WHAT THE TASK ASKS |
All of the listing below must be repeated word for word. Pictures are the only thing to omit.

MATERIAL PROVIDED |
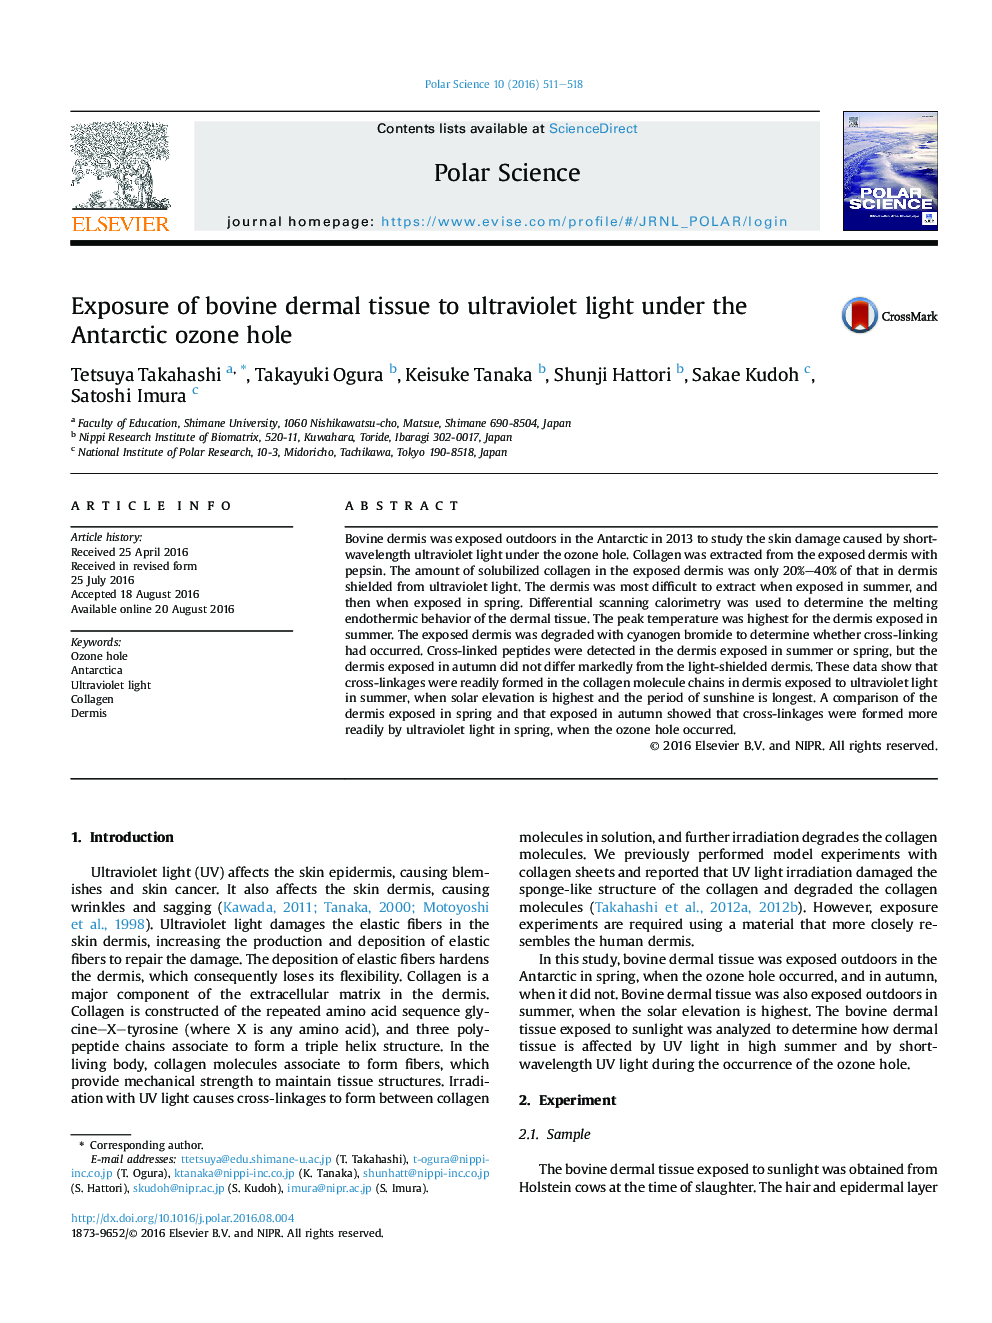 Exposure of bovine dermal tissue to ultraviolet light under the Antarctic ozone hole
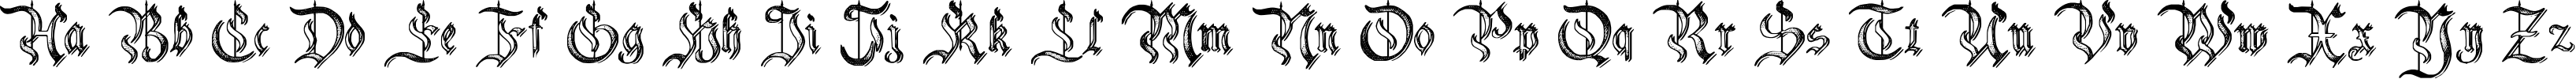 Пример написания английского алфавита шрифтом Charterwell No5
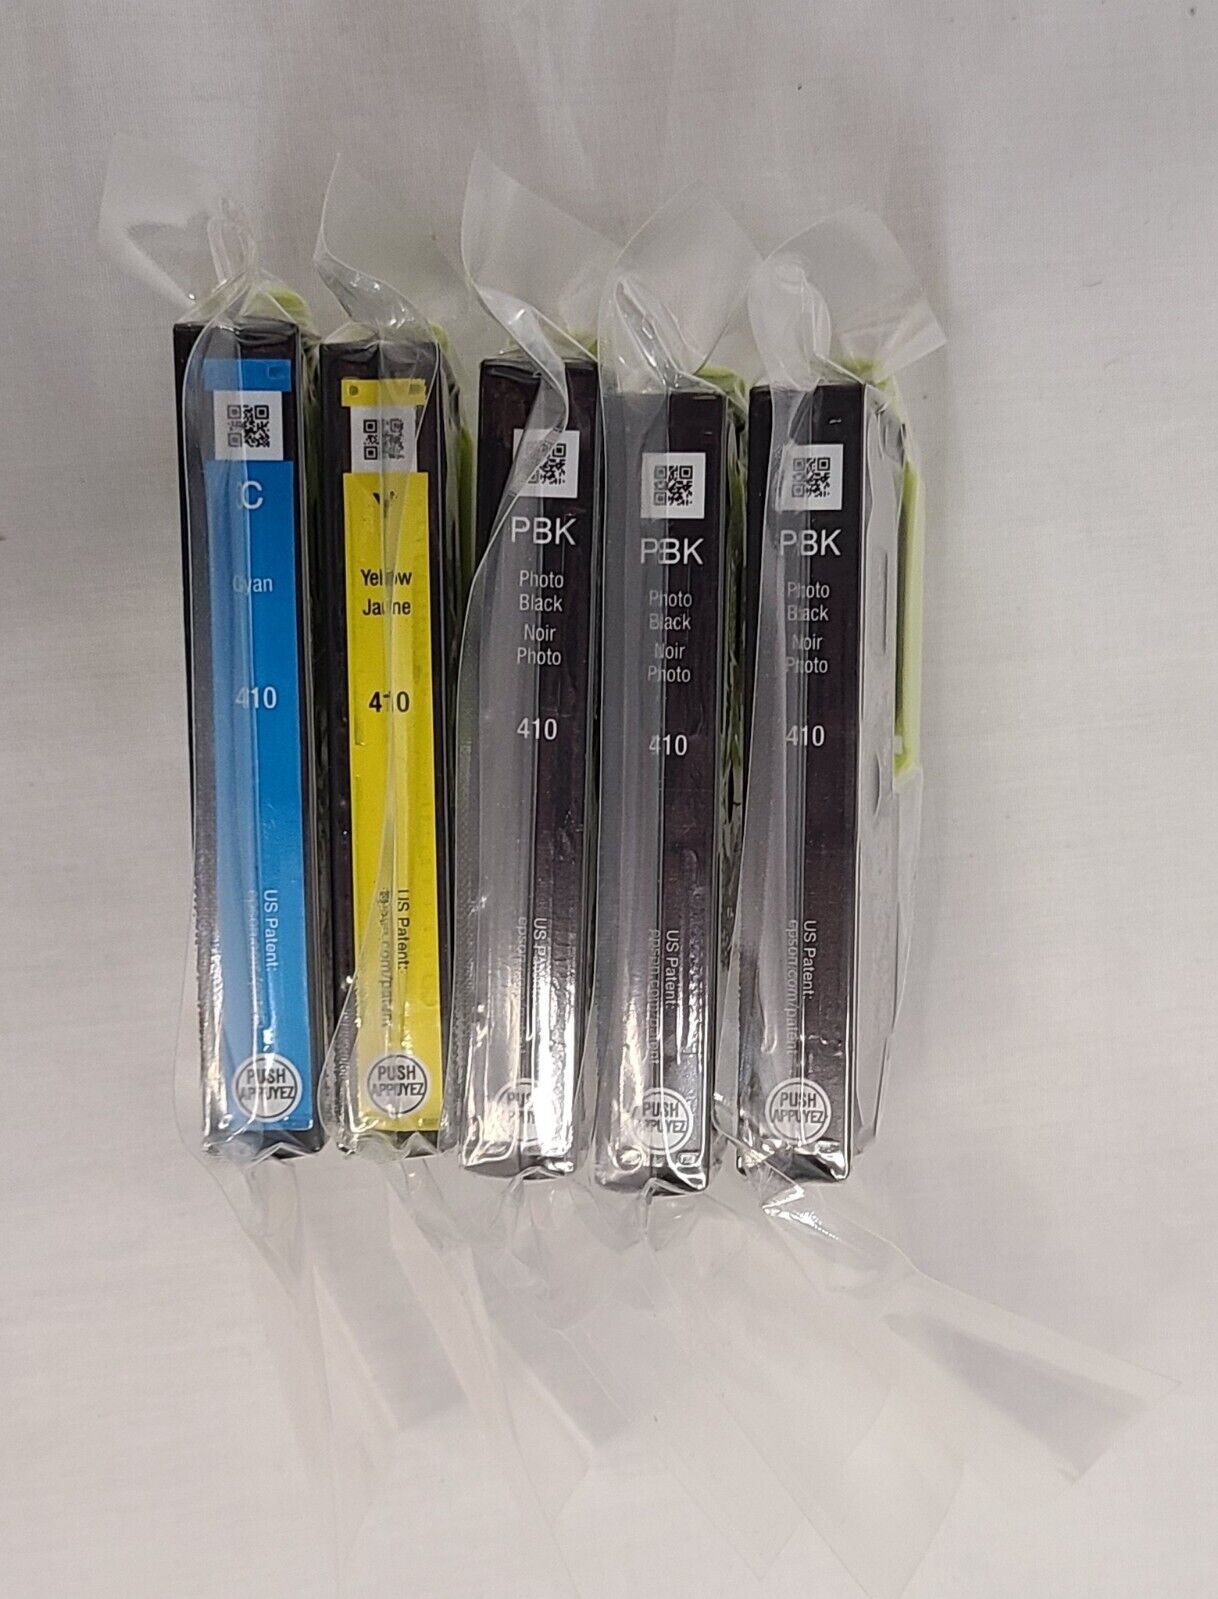 EPSON 410 Ink Cartridge Lot 3x Black - 1x Cyan - 1x Yellow - New Genuine Sealed
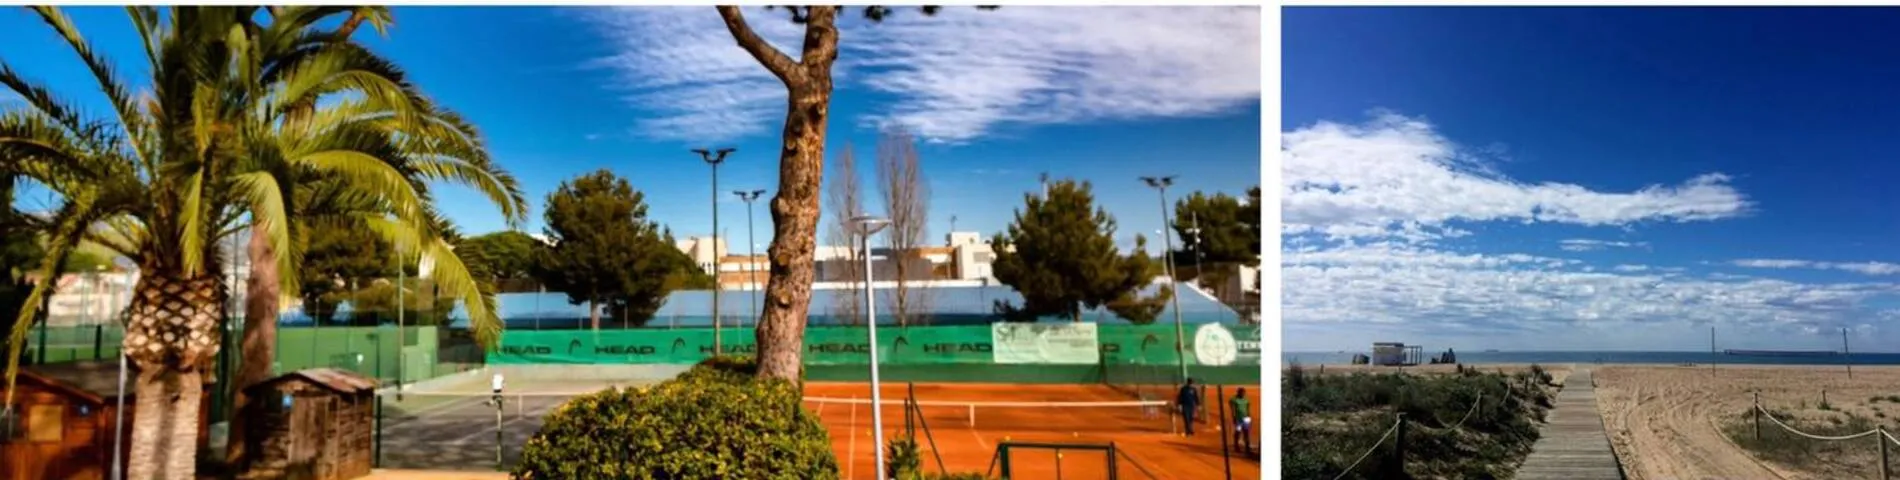 Barcelona Tennis Academy immagine 1

TASK SOLUTION |
 Exposure of bovine dermal tissue to ultraviolet light under the Antarctic ozone hole
 Пример написания английского алфавита шрифтом Charterwell No5
 EPSON 410 Ink Cartridge Lot 3x Black - 1x Cyan - 1x Yellow - New Genuine Sealed
 Barcelona Tennis Academy immagine 1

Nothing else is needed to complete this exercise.